Increase perf of handling concurrent use of StreamIDGenerators. (#9190)

We have seen a failure mode here where if there are many in flight unfinished IDs then marking an ID as finished takes a lot of CPU (as calling deque.remove iterates over the list)
2021-01-21 16:31:51 +00:00 · 2021-01-21 16:31:51 +00:00 · 12ec55bfaa
parent 939ef657ce
commit 12ec55bfaa
2 changed files with 14 additions and 8 deletions
--- a/changelog.d/9190.misc
+++ b/changelog.d/9190.misc
@ -0,0 +1 @@
+Improve performance of concurrent use of `StreamIDGenerators`.
--- a/synapse/storage/util/id_generators.py
+++ b/synapse/storage/util/id_generators.py
@ -15,12 +15,11 @@
 import heapq
 import logging
 import threading
-from collections import deque
+from collections import OrderedDict
 from contextlib import contextmanager
 from typing import Dict, List, Optional, Set, Tuple, Union

 import attr
-from typing_extensions import Deque

 from synapse.metrics.background_process_metrics import run_as_background_process
 from synapse.storage.database import DatabasePool, LoggingTransaction
@ -101,7 +100,13 @@ class StreamIdGenerator:
            self._current = (max if step > 0 else min)(
                self._current, _load_current_id(db_conn, table, column, step)
            )
-        self._unfinished_ids = deque()  # type: Deque[int]
+
+        # We use this as an ordered set, as we want to efficiently append items,
+        # remove items and get the first item. Since we insert IDs in order, the
+        # insertion ordering will ensure its in the correct ordering.
+        #
+        # The key and values are the same, but we never look at the values.
+        self._unfinished_ids = OrderedDict()  # type: OrderedDict[int, int]

    def get_next(self):
        """
@ -113,7 +118,7 @@ class StreamIdGenerator:
            self._current += self._step
            next_id = self._current

-            self._unfinished_ids.append(next_id)
+            self._unfinished_ids[next_id] = next_id

        @contextmanager
        def manager():
@ -121,7 +126,7 @@ class StreamIdGenerator:
                yield next_id
            finally:
                with self._lock:
-                    self._unfinished_ids.remove(next_id)
+                    self._unfinished_ids.pop(next_id)

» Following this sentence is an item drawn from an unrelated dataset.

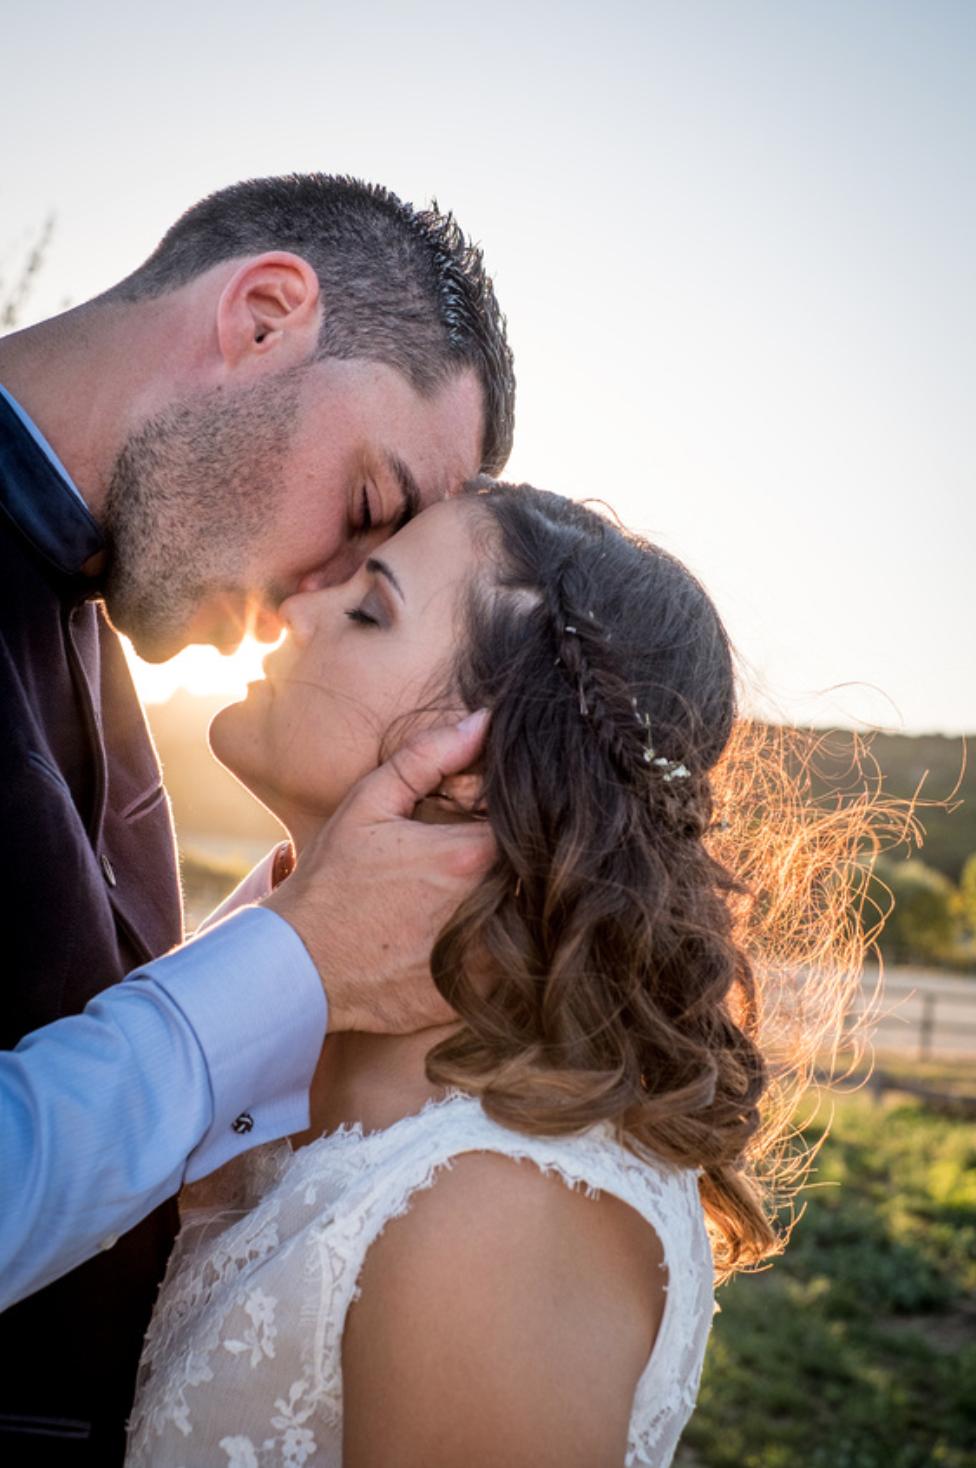 Le mariage au sud - D'Audrey et Olivier

        return _AsyncCtxManagerWrapper(manager())

@ -140,7 +145,7 @@ class StreamIdGenerator:
            self._current += n * self._step

            for next_id in next_ids:
-                self._unfinished_ids.append(next_id)
+                self._unfinished_ids[next_id] = next_id

        @contextmanager
        def manager():
@ -149,7 +154,7 @@ class StreamIdGenerator:
            finally:
                with self._lock:
                    for next_id in next_ids:
-                        self._unfinished_ids.remove(next_id)
+                        self._unfinished_ids.pop(next_id)

        return _AsyncCtxManagerWrapper(manager())

@ -162,7 +167,7 @@ class StreamIdGenerator:
        """
        with self._lock:
            if self._unfinished_ids:
-                return self._unfinished_ids[0] - self._step
+                return next(iter(self._unfinished_ids)) - self._step

            return self._current
				`@ -0,0 +1 @@`
				Improve performance of concurrent use of `StreamIDGenerators`.